For Kofta's/Meatballs
1/4 kg or 250 gram Boneless Chicken
2 Medium Onion
1 inch piece Ginger
1/2 bunch mint
1 heaped teaspoon Garam Masala (Indian Allspice)
1/2 tsp white cumin
4 to 5 green chilli
2 tablespoon besan/gramflour, roasted
2 tablespoon oil
1 tablespoon dhaniya/corriander powder
1/2 teaspoon salt
1/2 teaspoon red chilli powder

Method for making Kofta's/Meatballs:
Mix all the above ingredients in the chopper and grind till fine. Keep the ground meat in the refrigerator for about 30 minutes before making small balls. If required, the ground meat can be kept in the refrigerator for at least a day prior to cooking.

For Gravy:
2 Medium Onion, chopped
2 teaspoon dhaniya/corriander powder
1 tablespoon ginger garlic paste
1/2 teaspoon red chili powder
1/4 to 1/2 teaspoon salt (adjust to taste)
2 tablespoon yoghurt
4 tablespoon oil

1. Heat oil in big pot. Fry onions till golden then take them out leaving the oil in the pot. Blend onions with yogurt in blender.
2. Add ginger garlic paste, dhaniya/coriander powder, red chilli powder & salt.
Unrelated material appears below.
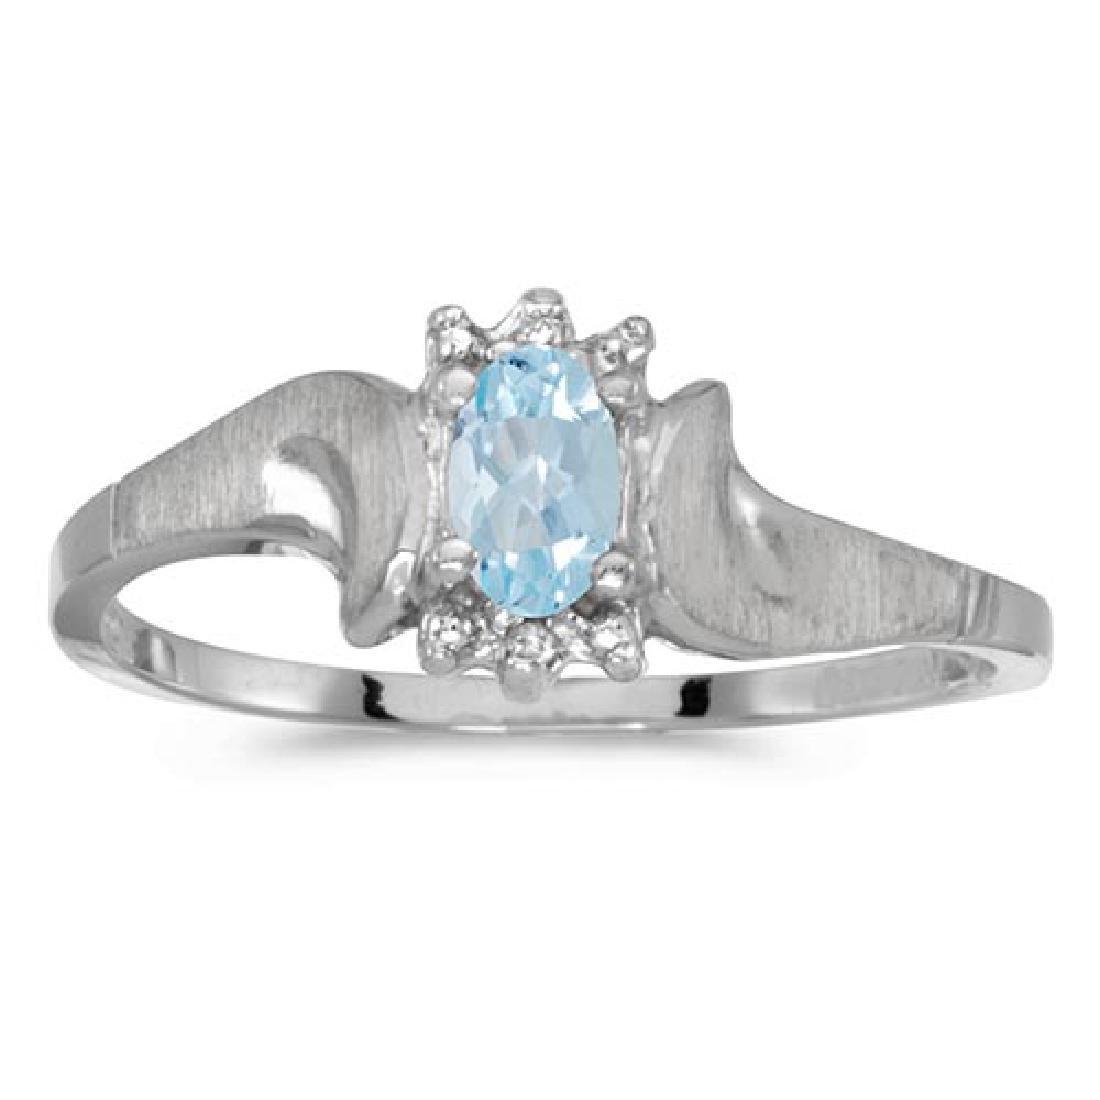 Certified 14k White Gold Oval Aquamarine And Diamond Sa

Saute for 2-3 minutes. Add the blended onion & yoghurt mixture. Start the bhunna/saute process (detailed explanation provided in note below), by stirring the masala constantly with a wooden process while adding a little water as needed. The 'Bhunna' process is complete when you can see the oil on top of the masala. The masala should be dryish, with the water being added in small increments to prevent it from sticking to the bottom of the pan.
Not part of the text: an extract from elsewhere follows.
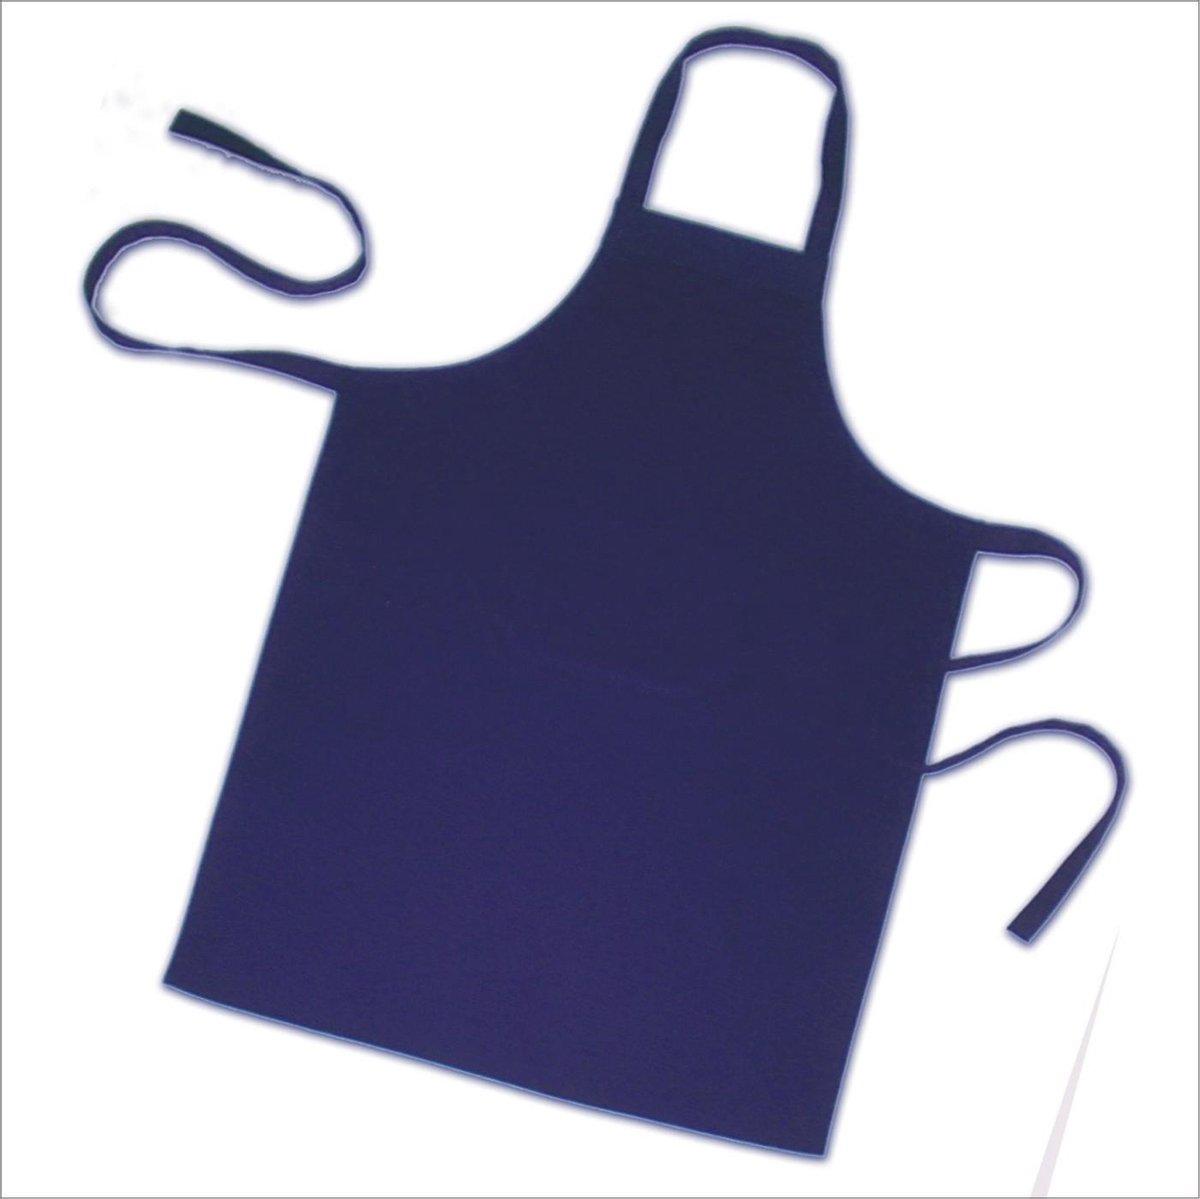 Homéé® Horeca suite Keukenschorten BBQ BIB Apron - marine blauw - 70x100 cm - 2 stuks

3. Add 3-4 cups of water to the masala & let it come to a boil.
4. Once the salan/curry is at a boil, add the kofta/meatballs and cook for 5 minutes. Be careful while adding the kofta's so that they don't break, and instead of using a spoon move the pot around using kitchen napkins/gloves to incorporate the kofta's in the salan/curry. The reason being that since the kofta's are made from chicken, they are quite soft and prone to breaking, hence the best method is to swirl the pot around with a spoon only being used if required.
5. Cook on high flame for 10-12 minutes, then let it simmer for 30-40 minutes till cooked.
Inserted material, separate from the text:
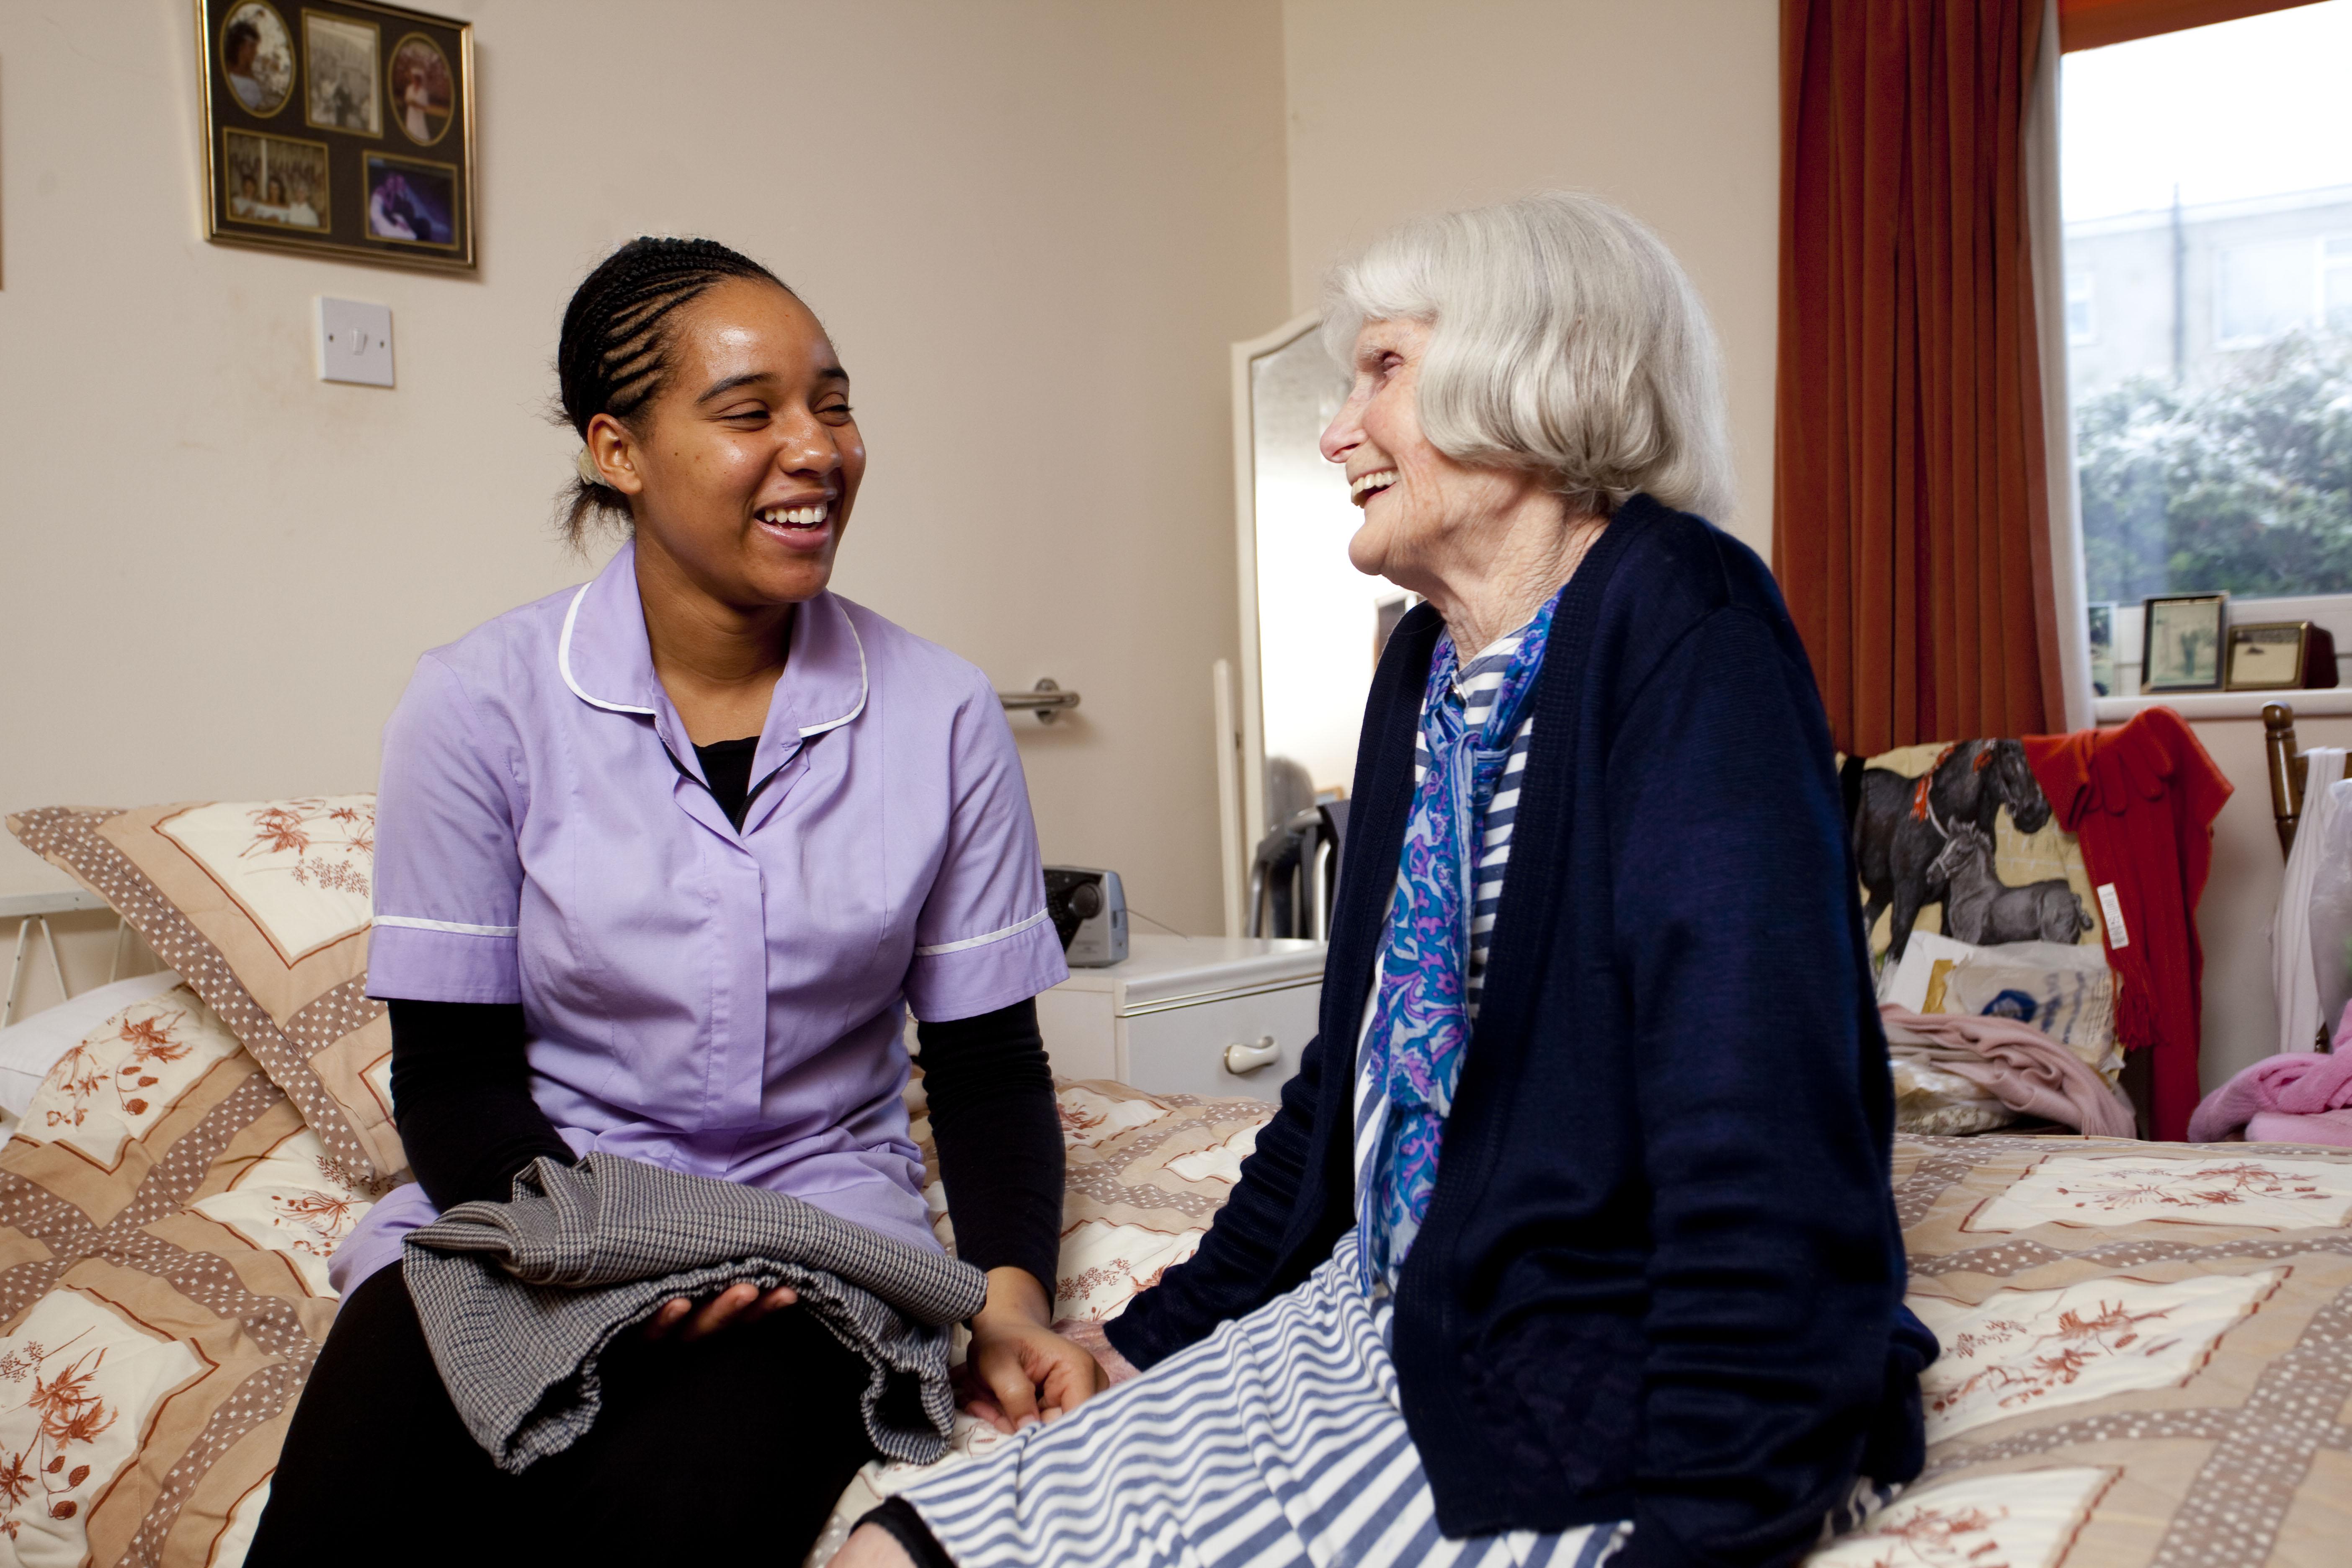 elderly lady and nurse

6. Garnish with green corriander/dhaniya right before serving.
7. Serve with a simple salad of sliced onions, salt, vinegar and fresh dhaniya/corriander along with fresh roti and/or steamed process.

Pakistani style of Bhunna:
'Bhunna' is a term that we use for almost every gravy that is cooked in Pakistan. It is a style of sauteing, however, the technique differs from the western style. It is the process of cooking the selected ingredients over medium to high heat, stirring constantly & adding small quantities of liquid as required to prevent sticking. Generally 'Bhunna' is required at only one stage in the dish, for ingredients like onions, ginger, garlic, tomatoes and spices to remove the raw flavor. Once the oil comes to the top of the masala the process is completed with the protein added after the 'Bhunna'.
In some cases like with 'Bhuna Goosht' or with 'Mincemeat', the 'bhunna' process is repeated a second time after adding the meat.